The constant ‘e’ is approximately 2.71828…; it is a non-rational number that is the base for * natural logarithms*.

Mathematicians find ‘e’ and natural logarithms so useful that they reserve the notation “**ln**(x) = log[e](x)”.

As the image shows, “ln(e)” is defined as the “definite integral from 1 to ‘e’ of dx/x”. As well, since “ln(e) = log[e](e)”, 1 must be the value of that definite integral.

## The Reason to use a Logarithm to Convert an Exponent’s Base

At the outset, my problem was to solve for ‘x’ in the equation “2^m = 10^x”, where ‘m’ is a known positive integer and ‘x’ is a positive real.

Thanks to logarithms, this is equivalent to solving “log[2](2^m) = log[10](10^x)”.

## The General Rule for Converting Logarithms

The general rule for converting a logarithm from base ‘b’ to natural logarithms in base ‘e’ is “log[b](y) = ln(y)/ln(b)”.

We will use this rule in a later section.

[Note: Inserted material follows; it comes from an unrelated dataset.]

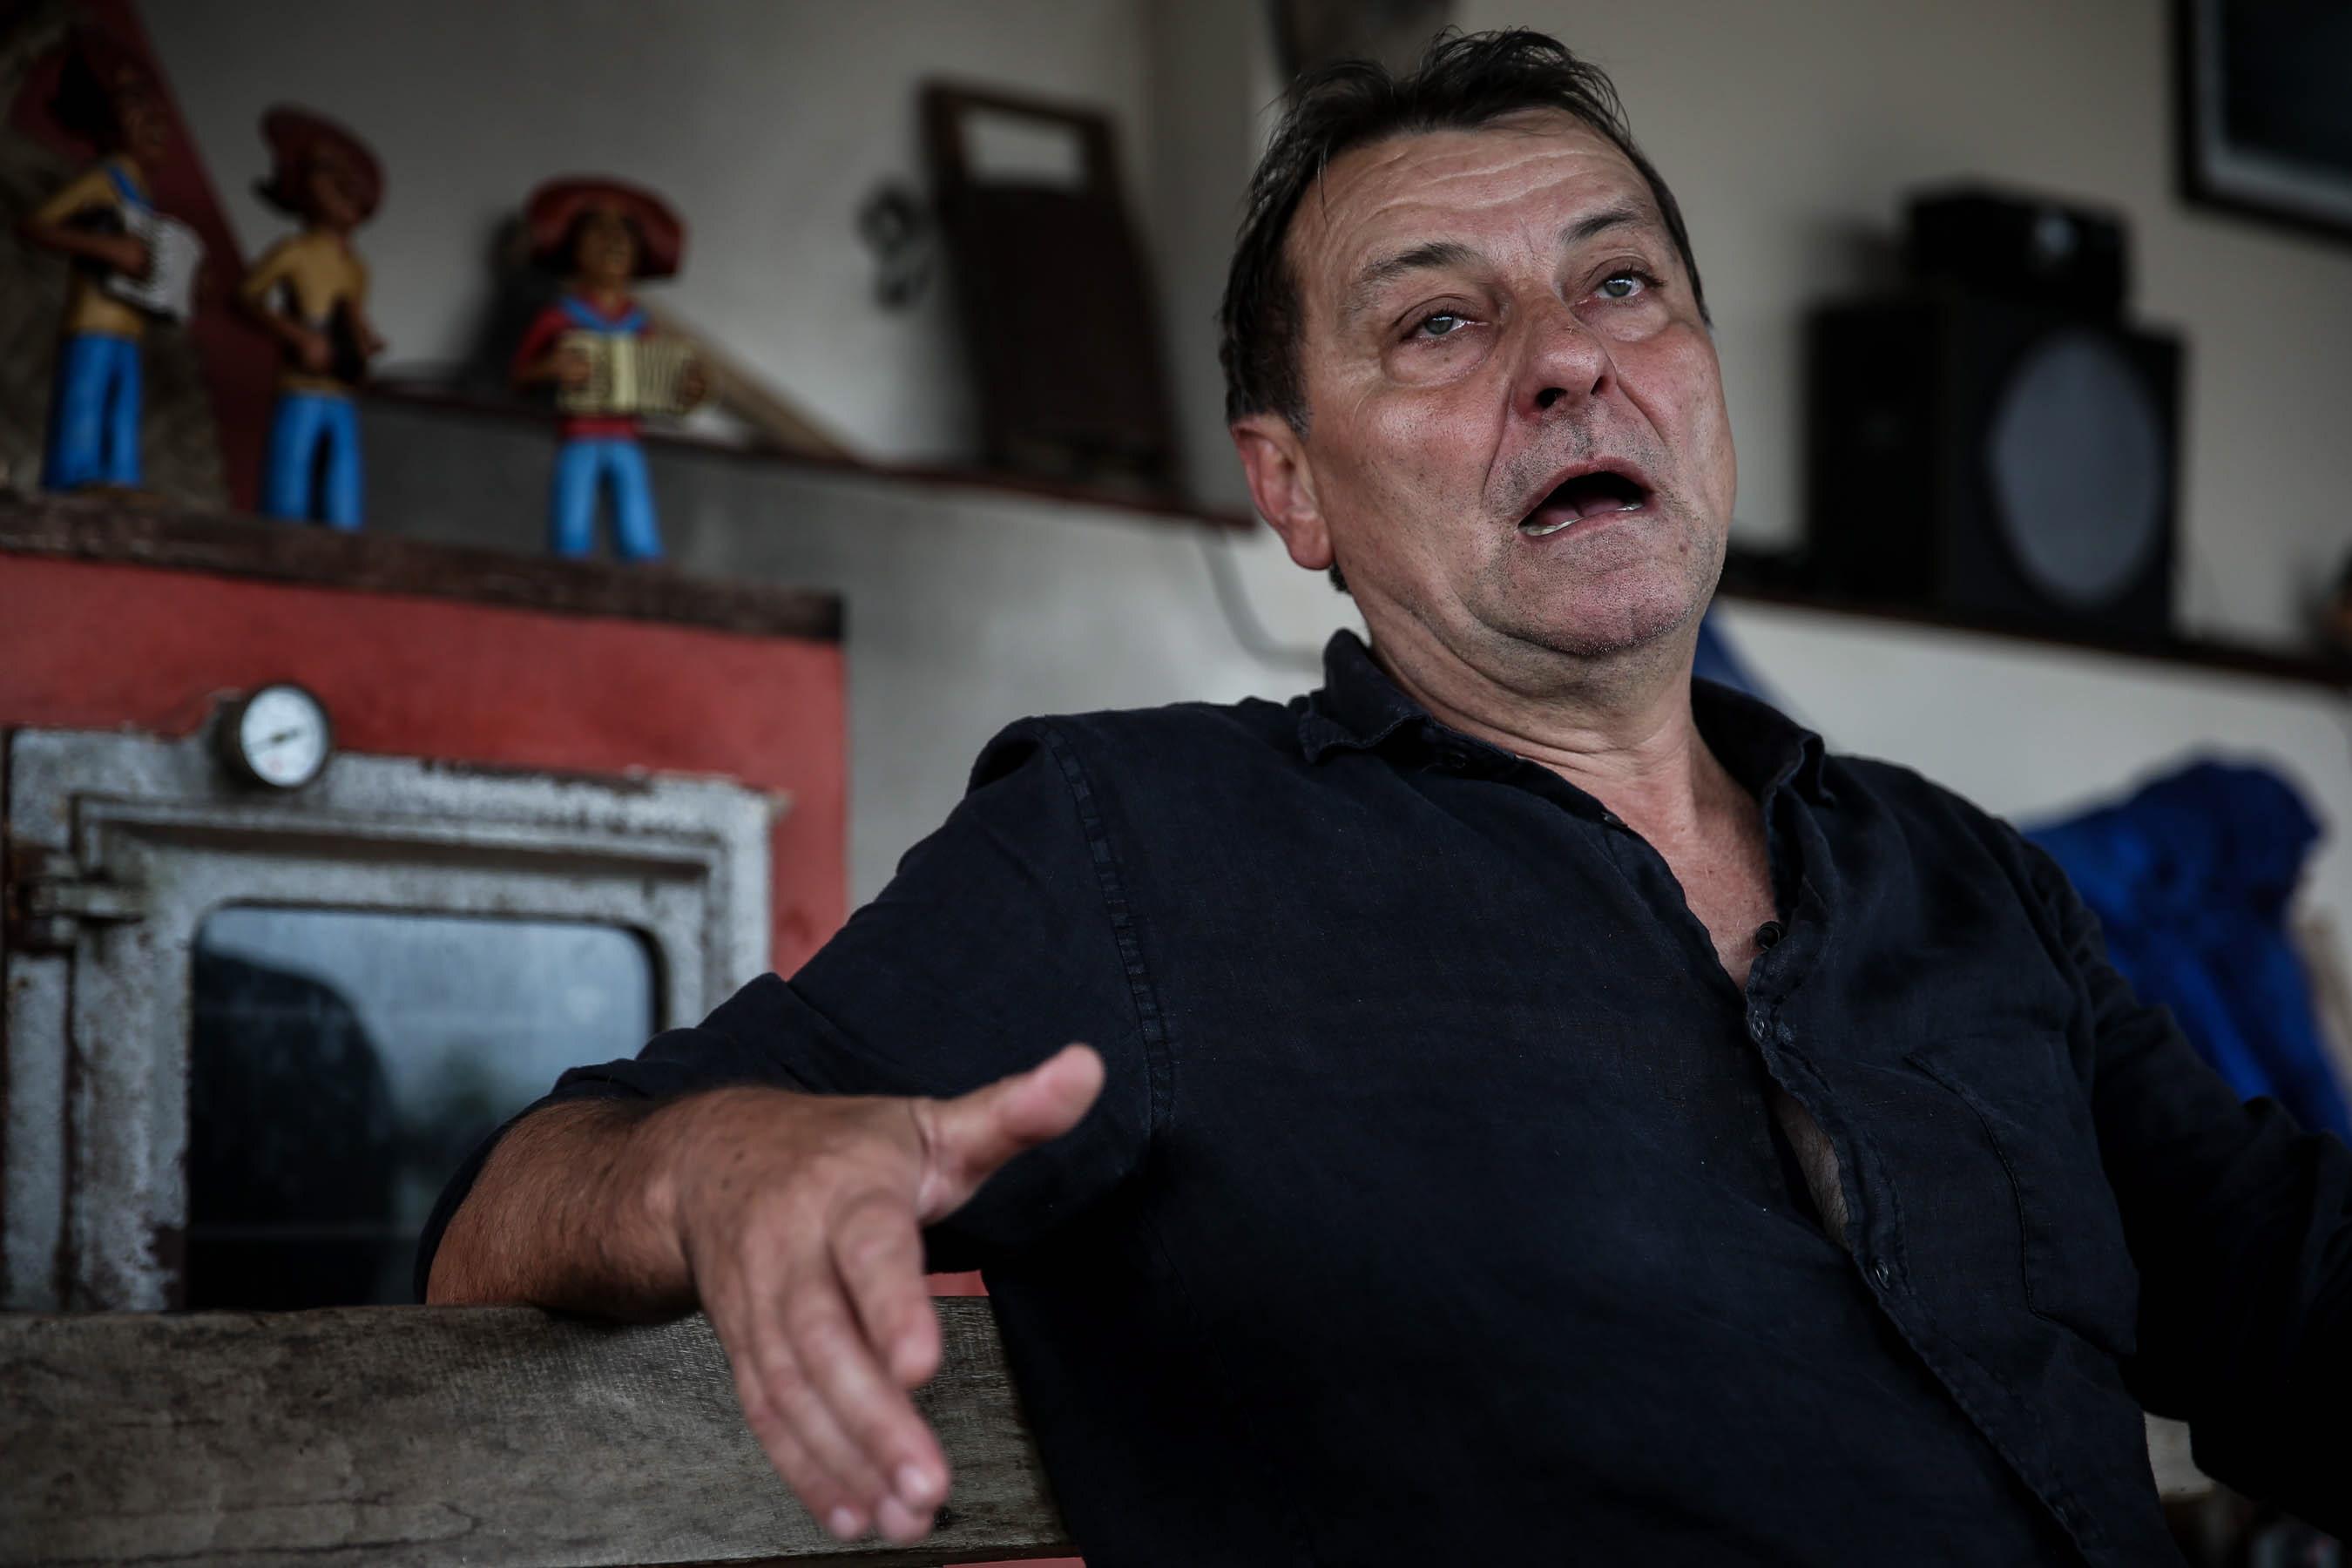 Talijanski ljevičarski terorist uhićen u Boliviji
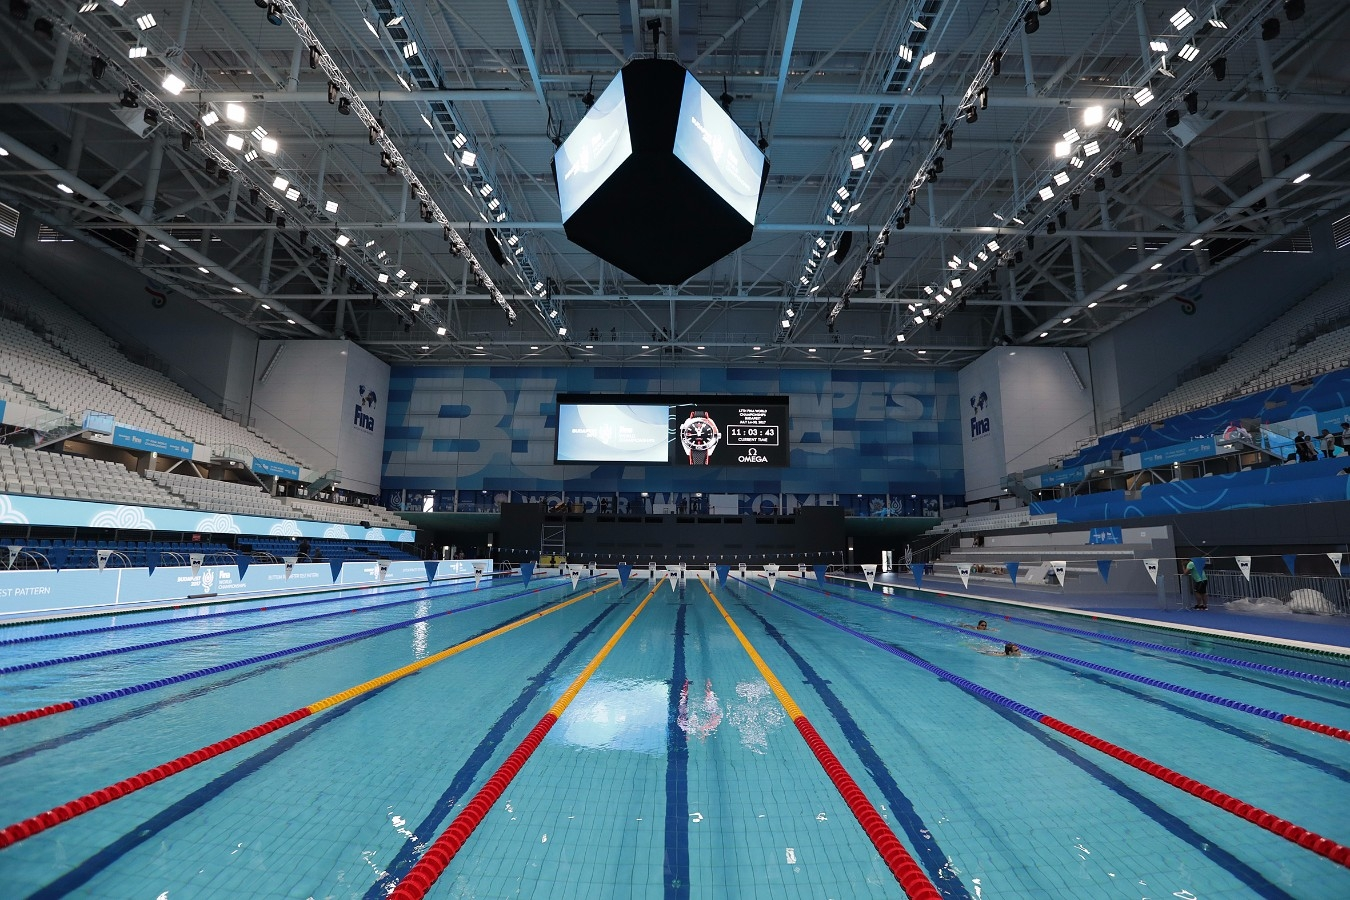 Campeonato Mundial de Desportos Aquaticos. Duna Arena. 12 de Julho de 2017, Hungria, Budapeste. Foto: Satiro Sodré/SSPress/CBDA

## The General Rule for the Logarithm of an Exponential Term

In general, “log[b](x^m) = m*log[b](x).

Therefore “ln(2^m) = m*ln(2)”, which we will need in the next section.

## Deriving the Exponents’ Conversion from Base-2 to Base-10

Let’s step through the process for my original problem.

- “2^m = 10^x”, to solve for ‘x’.
- “m = log[2](2^m)” on the left side.
- “x = log[10](10^x)” on the right side.
- Apply “log[b](y) = ln(y)/ln(b)” to each side.
- “log[2](2^m) = ln(2^m)/ln(2)” on the left.
- “log[10](10^x) = ln(10^x)/ln(10)” on the right.
- Obviously “log[10](10^x) = x”, to be substituted soon…
- But “2^m = 10^x” in /#1/, so we substitute “2^m” for “10^x” in /#6/ as follows…
- “x = ln(2^m)/ln(10)” by lines /7/ and /8/.
- “x = m*ln(2)/ln(10)”, by the rule for the logarithm of an exponential.

A bit of work on a calculator gives the conversion factor, “ln(2)/ln(10) = 0.69314718055994530941723212145818 / 2.3025850929940456840179914546844 = 0.30102999566398119521373889472446″ to a large degree of accuracy.

I’m likely to use * 0.301* as the conversion factor.

Let’s check my original problem, which was “2^10 = 1024 = 10^x”. My conversion is “x = 10 * 0.301 = 3.01″.

On the calculator, “10^3.01 = * 1023.29*29922807541309662751748199″, which is fairly close to 1024.

**Click to Read Page Three: Who Were Euler and Napier?**

Chuck Crosthwait says

I’m pretty sure I found an easier formula for converting an exponent series from base10 to base2. I’ll try to express it here with a known value.

10^14=2^x

Using the formula above you’d use

x=14*ln(10)/ln(2)

and arrive at 70.

If you use some funky cross multiplication I haven’t seen anywhere you could do the following instead:

10^14=2^x

10/2=5

5*14=70

10^14=2^70

I’d like to preface with the fact that I did not locate this formula anywhere after searching for ~1hr. I tried to remember the general formula for finding exponent X in a known system. I have only tried this converting from base10 to base2 and back and tried with other known values, e.g.:

10^15=2^x

10/2=5

5*15=75

10^15=2^75

and this is borne out in the formula

x = m*ln(b)/ln(a)

for finding

b^m = a^x

so it works. Did I stumble upon a formula I haven’t found before or is this something new and just too simple to have been considered before?

Please do reply, I really want to know if there’s some unknown mathematical principle I needed to know or knew and forgot.